As stated above, it has been observed that human cancers cause a vast amount of miRNA families to have low levels of expression, indicating that miRNAs actively participate in tumor suppression. The miR-34 family has been known to be expressed at reduced levels or lost in varying types of cancers.

The miR-34 family is a direct transcriptional target of p53, a tumor protein (He et al., 2007). p53 is the most commonly mutated gene in human cancers, indicating the large role it plays in preventing cancer (Surget, Khoury & Bourdon, (2013). It has been proposed that the NLRP3 inflammasome and the p53 pathway may intersect at the inflammasome adaptor molecule ASC (Haasken & Sutterwala, 2013).

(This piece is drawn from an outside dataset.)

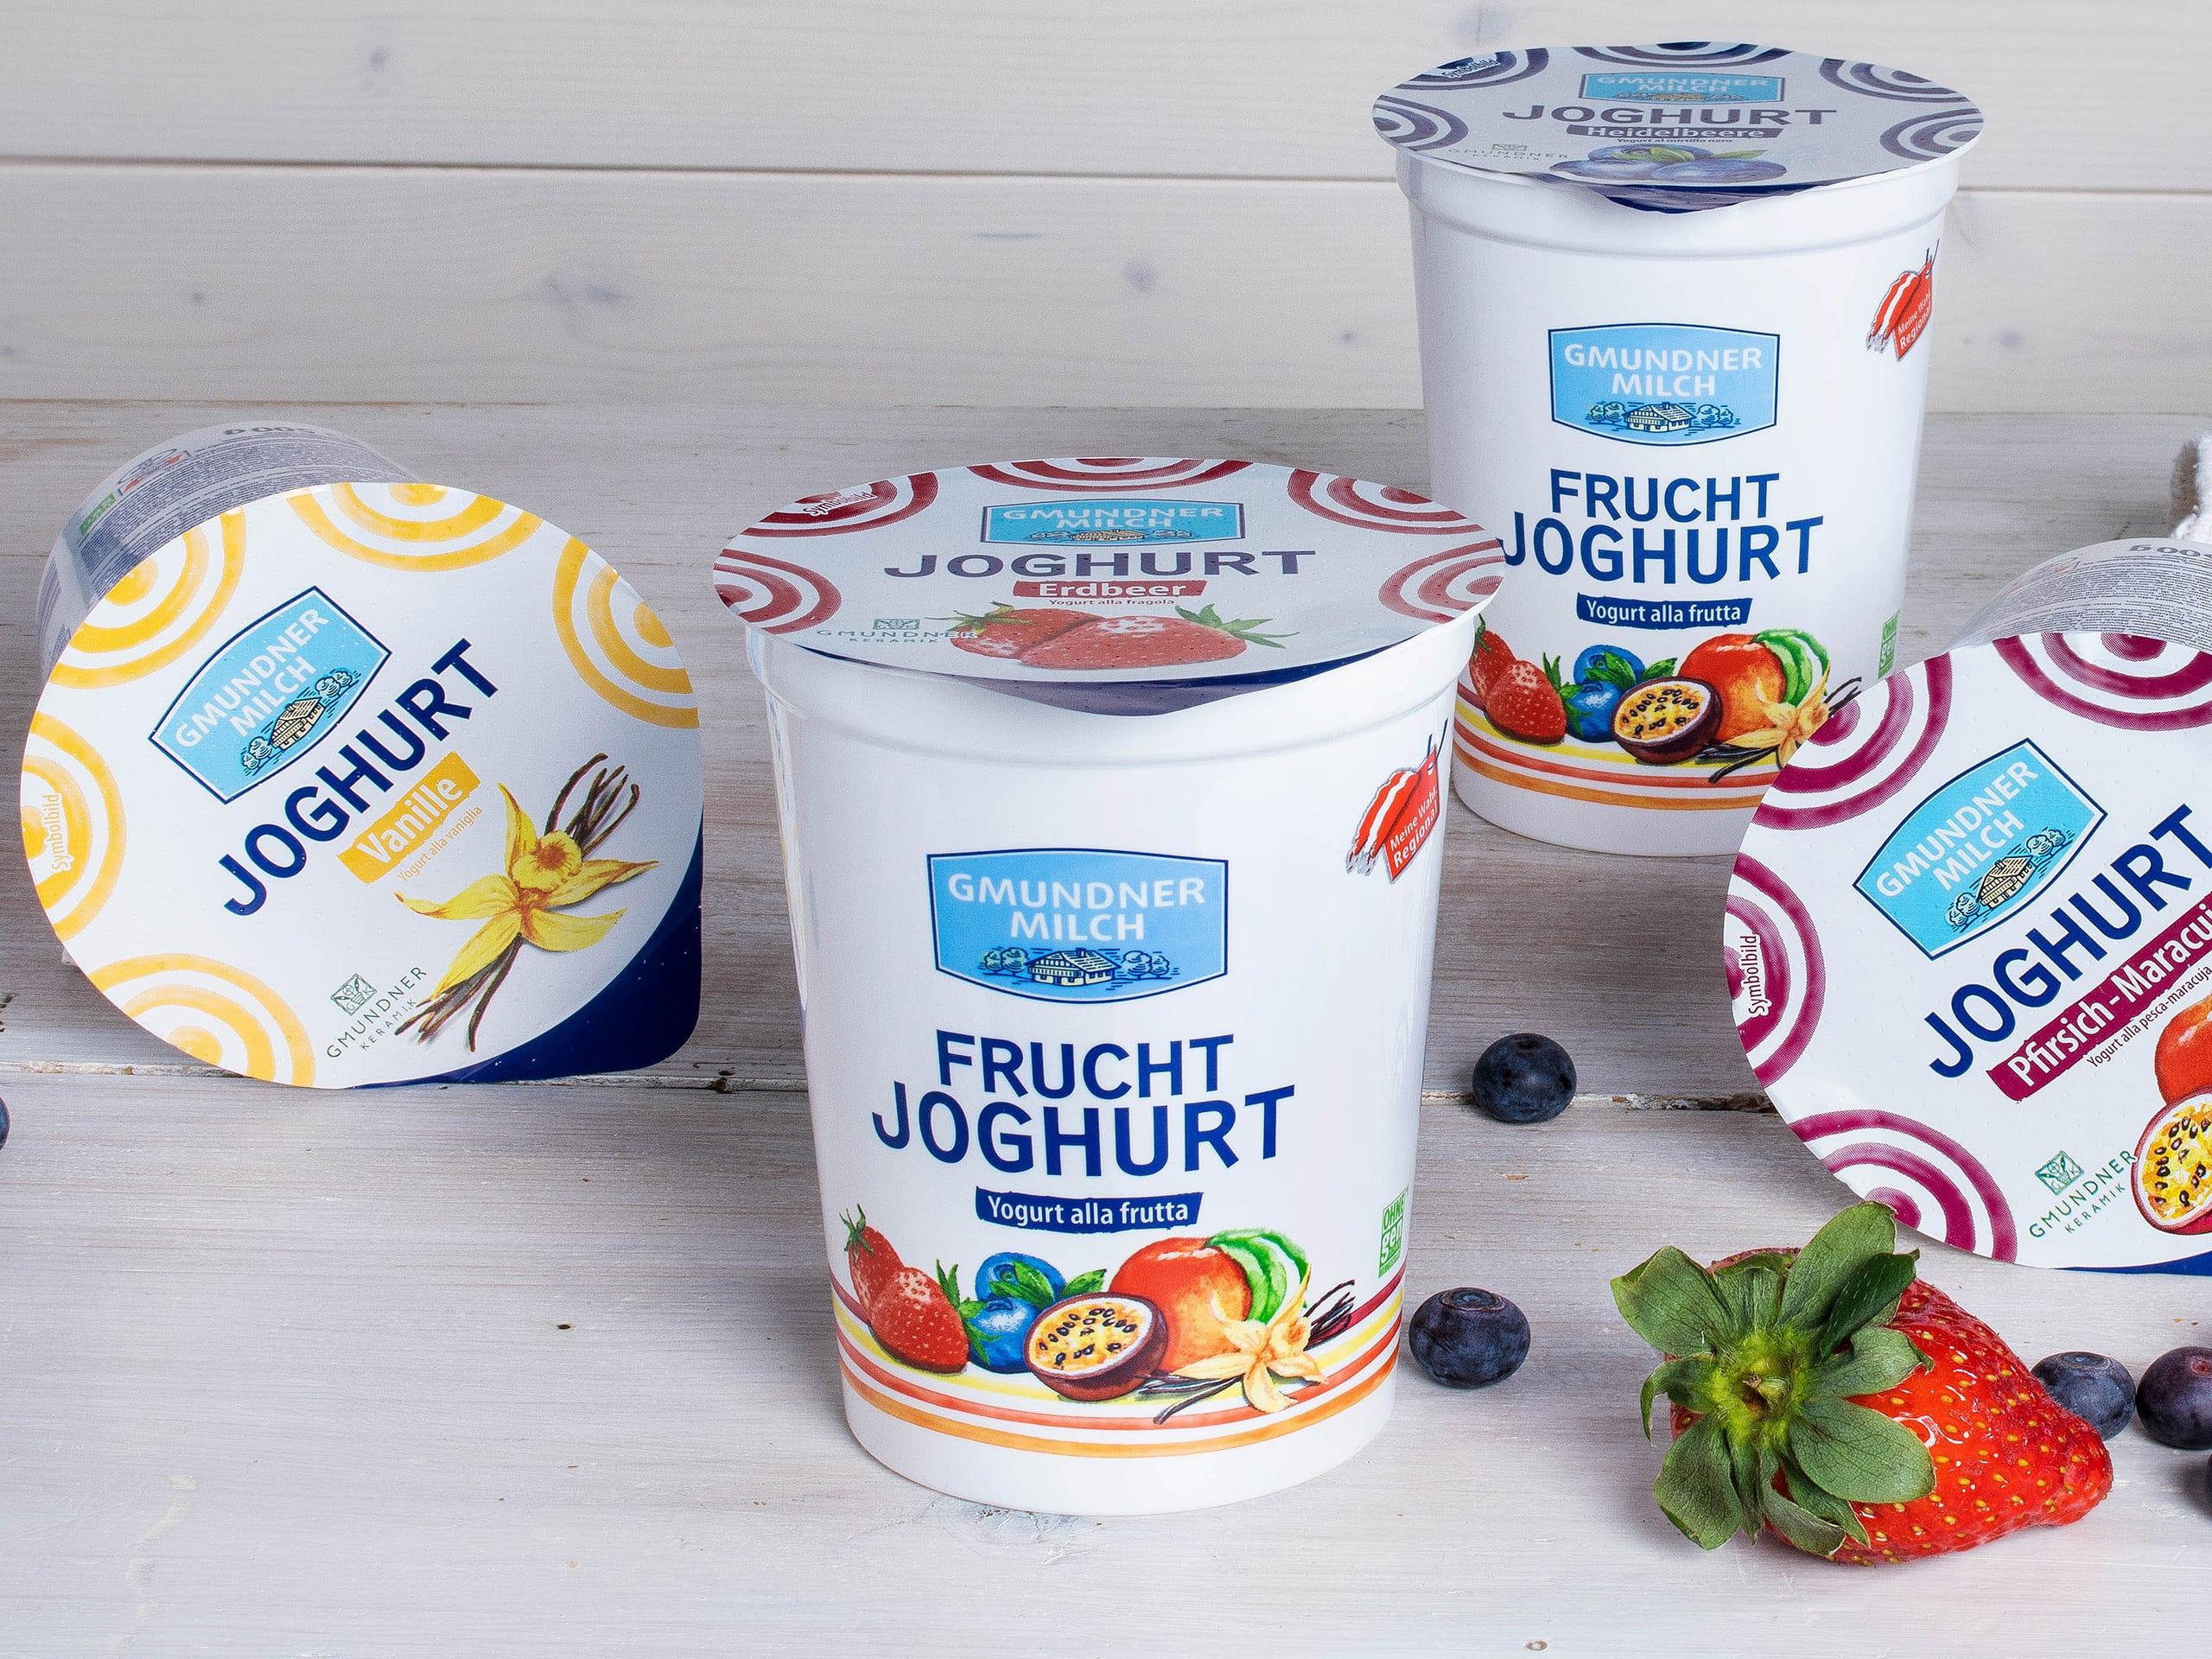 gmundner-fruchtjogurt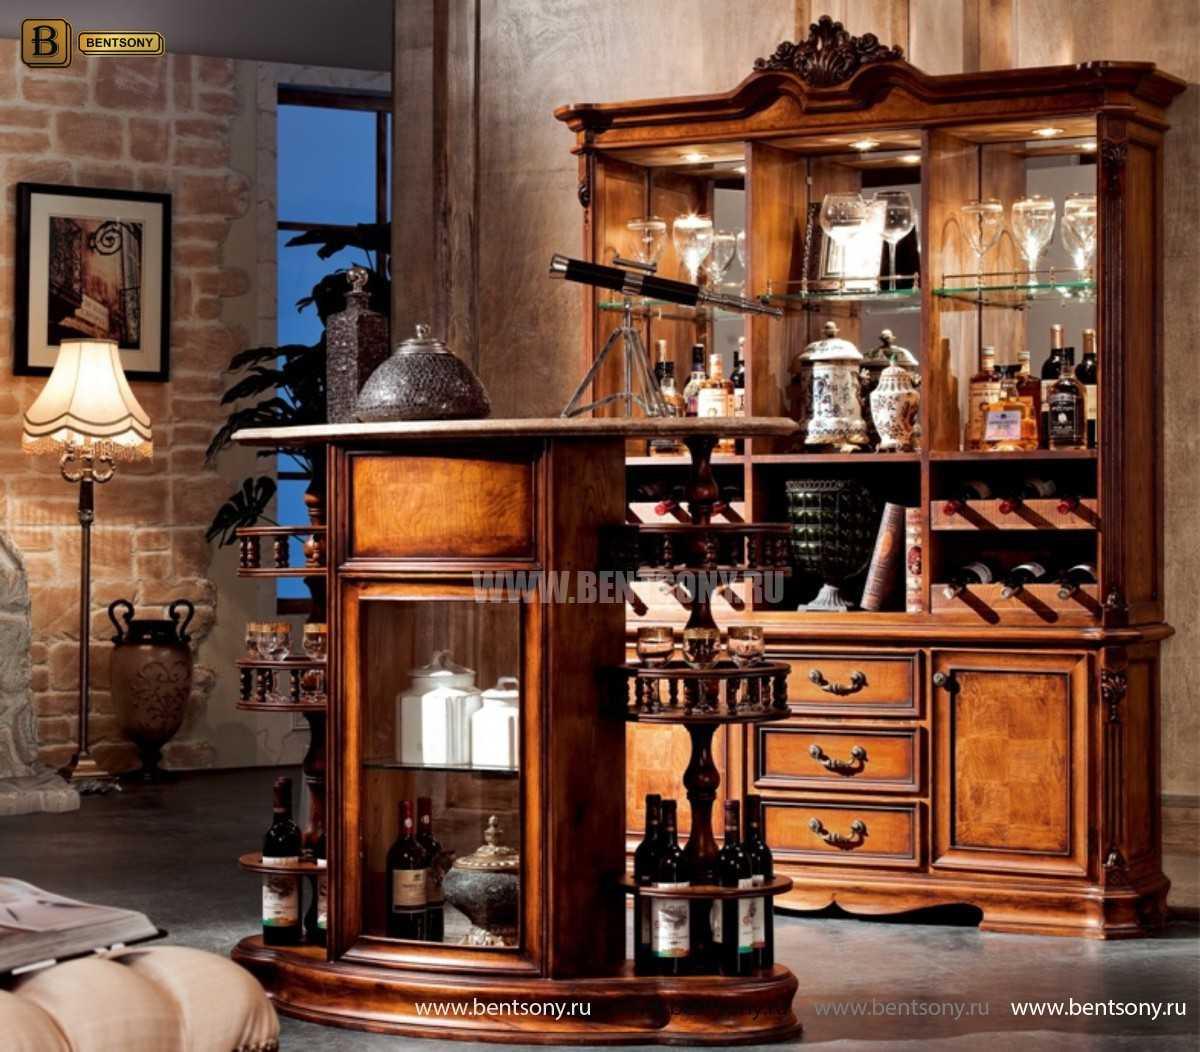 Буфет Феникс (Классика, Барный шкаф)  каталог мебели с ценами

Several important questions and hypotheses remain in the study field of miRNAs and how they influence inflammasome function. With the many findings that different miRNA families affect activation of different inflammasomes, the studies seem endless yet promising. An improved understanding of how miRNAs work together to balance the inflammatory response is an area to be focused on, as well as understanding the miRNA networks and how those can be used to optimize the response of the inflammasome.

Aim and objective

The aim with this thesis project is to measure the miRNA expression levels of the miR-34 family to evaluate the effect of different durations of PAMP and DAMP stimuli. This data will also be used to evaluate if the expression levels increase or decrease with the activation of the NLRP3 inflammasome, determining if the miR-34 family is a potential regulator of the NLRP3 inflammasome.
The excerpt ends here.